Preparing the nodes¶
Before we are able to install longhorn, we have to prepare the nodes and mount the disks. To be able to do that we will have to able to find out where the devices are located. So we execute:
ansible disks -b -m ansible.builtin.shell -a 'blkid'
We will get something like:
/dev/sda: UUID="blah-blah-...-blah" TYPE="LVM2_member"

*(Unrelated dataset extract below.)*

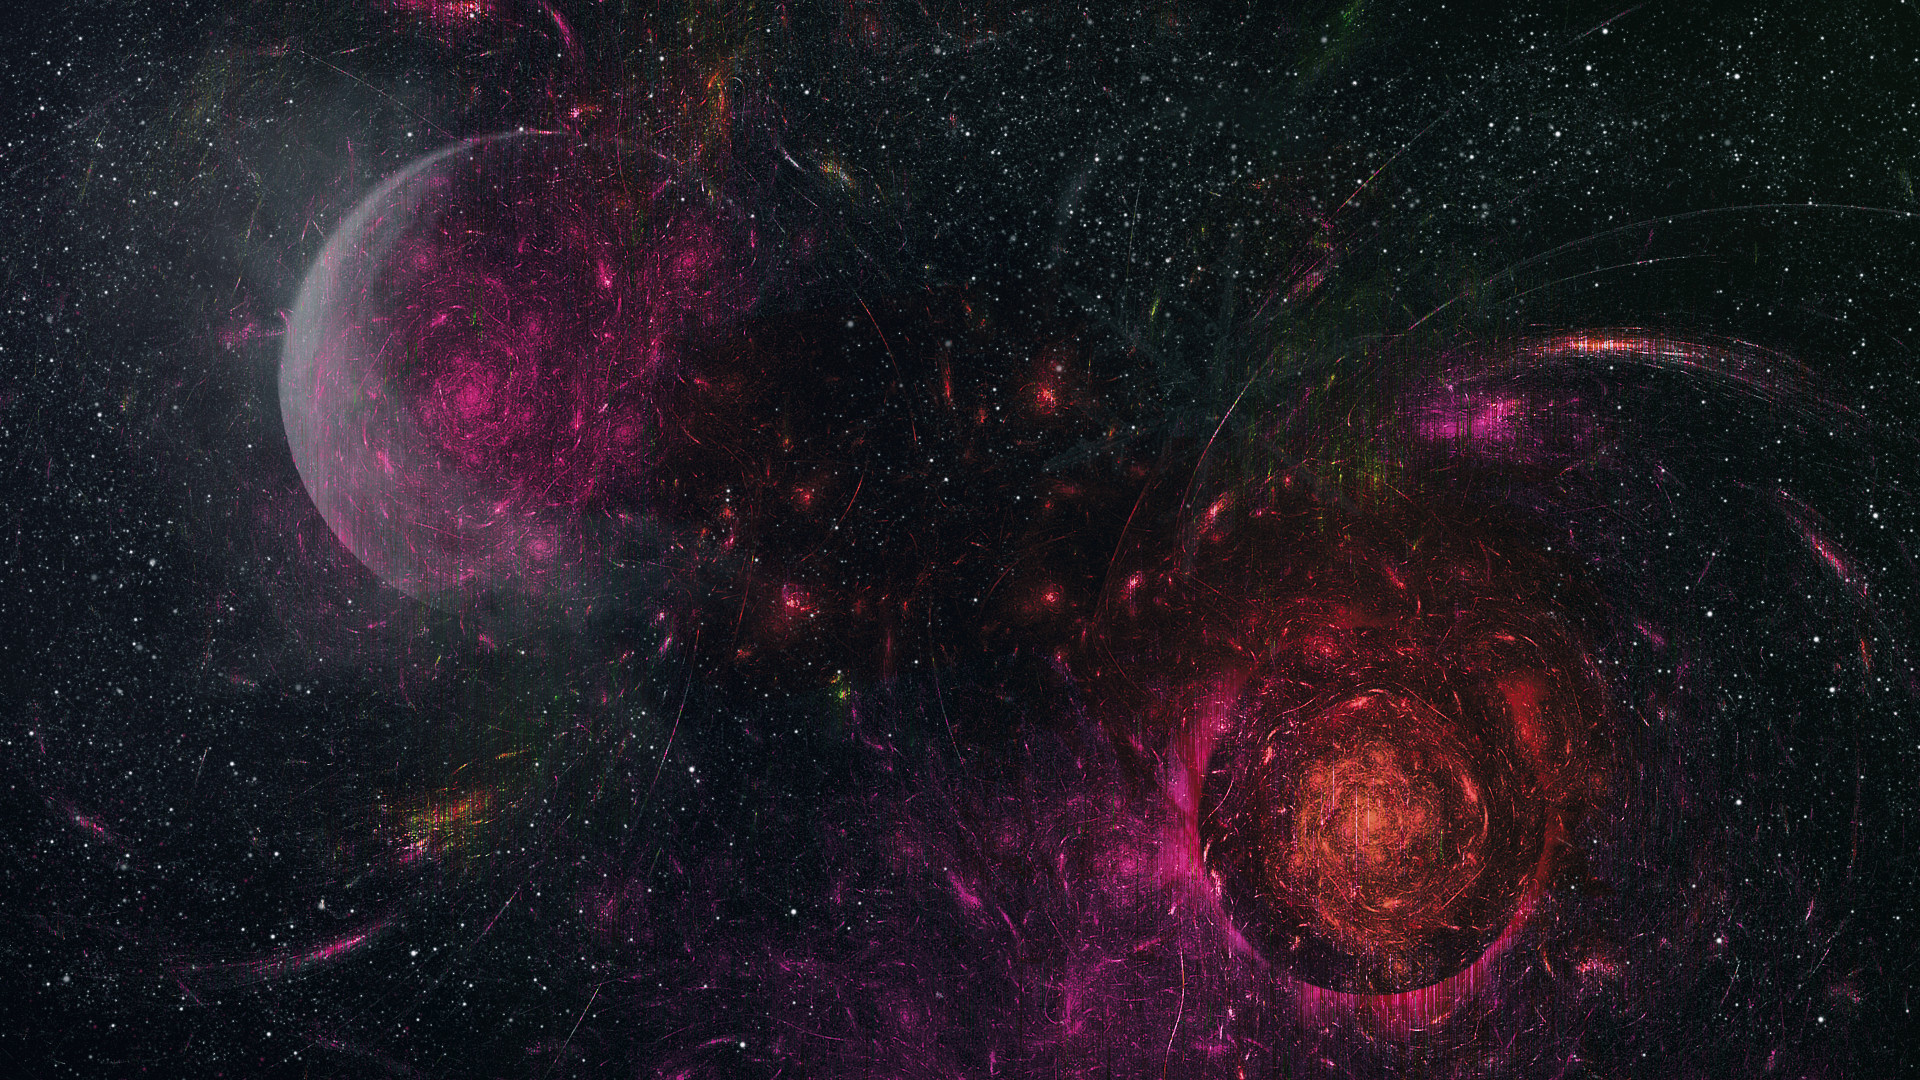 Kresimir jelusic robob3ar 221 200516 starlight

So complete these details in our hosts file in the section of the disks. E.g.:
disks:
hosts:
node_1:
disk_path: /dev/sda
Then we can execute our playbook
ansible-galaxy collection install ansible.posix
ansible-galaxy collection install community.general
ansible-playbook storage/setup_storage.yml
Warning
I have no idea why, but if I connect the Sata to USB3 cable I have to the USB3 ports, after a reboot the drive will not re-connect. To reconnect I have to power completely the raspberry pi (unplug and replug the PoE cable). Needs investigation.
Note
Be carefull to use the correct partition
Note
I used to have ceph installed on the disks and to clean I have first to execute:
ansible disks -b -m ansible.builtin.shell -a 'sgdisk --zap-all /dev/sdb'
ansible disks -b -m ansible.builtin.shell -a 'sudo dd if=/dev/zero of=/dev/sdb bs=1M count=100 oflag=direct,dsync'
ansible disks -b -m ansible.builtin.shell -a 'ls /dev/mapper/ceph-* | xargs -I% -- sudo dmsetup remove %'
ansible disks -b -m ansible.builtin.shell -a 'sudo rm -rf /dev/ceph-*'
Installing longhorn¶
# We have to use the longhrn-system namespace. It is mentioned in the
# documentation of the helm chart
helm repo add longhorn https://charts.longhorn.io
helm repo update
kubectl create namespace longhorn-system
helm install longhorn longhorn/longhorn --namespace longhorn-system -f values.yaml --version 1.7.2
# The vpa is causing instability in the longhorn. So do not activate it for the moment
#kubectl apply -f vpa.yml
kubectl apply -f dashboard.yml
# Apply our storage classes
kubectl create secret generic longhorn-crypto --namespace longhorn-system \
--from-literal=CRYPTO_KEY_VALUE=$(head -c 512 /dev/urandom | LC_CTYPE=C tr -cd 'a-zA-Z0-9' | head -c 64) \
--from-literal=CRYPTO_KEY_PROVIDER=secret
kubectl apply -f RepliccatedStorage.yaml
kubectl apply -f UnrepliccatedStorage.yaml
kubectl create secret generic longhorn-backup --namespace longhorn-system \
--from-literal=CIFS_USERNAME=longhorn \
--from-literal=CIFS_PASSWORD=MY_SECRET_PASSWORD
We have to add the disks from the UI of longhorn
- https://rpi4cluster.com/storage-setting/
- https://longhorn.io/docs/1.2.3/volumes-and-nodes/multidisk/#add-a-disk
On how to use them take a look at https://longhorn.io/docs/1.2.2/references/examples/#block-volume
Maybe of interest:
- https://longhorn.io/docs/1.2.2/monitoring/prometheus-and-grafana-setup/#install-longhorn-servicemonitor
- https://github.com/longhorn/longhorn/issues/1859#issuecomment-907057960 for when expanding a disk
Usefull commands¶
kubectl -n longhorn-system logs -f -l "app=longhorn-manager" --max-log-requests 10
Resources¶
- https://bryanbende.com/development/2021/05/15/k3s-raspberry-pi-volumes-storage
- https://github.com/gdha/pi4-longhorn
- https://gdha.github.io/pi-stories/pi-stories9/
- https://www.jericdy.com/blog/installing-k3s-with-longhorn-and-usb-storage-on-raspberry-pi
- https://longhorn.io/docs/1.2.2/advanced-resources/volume-encryption/
Take a look at https://longhorn.io/kb/troubleshooting-volume-with-multipath/ I had to do it in homados and aretusa, and I have to examine if it has to be done to all nodes ...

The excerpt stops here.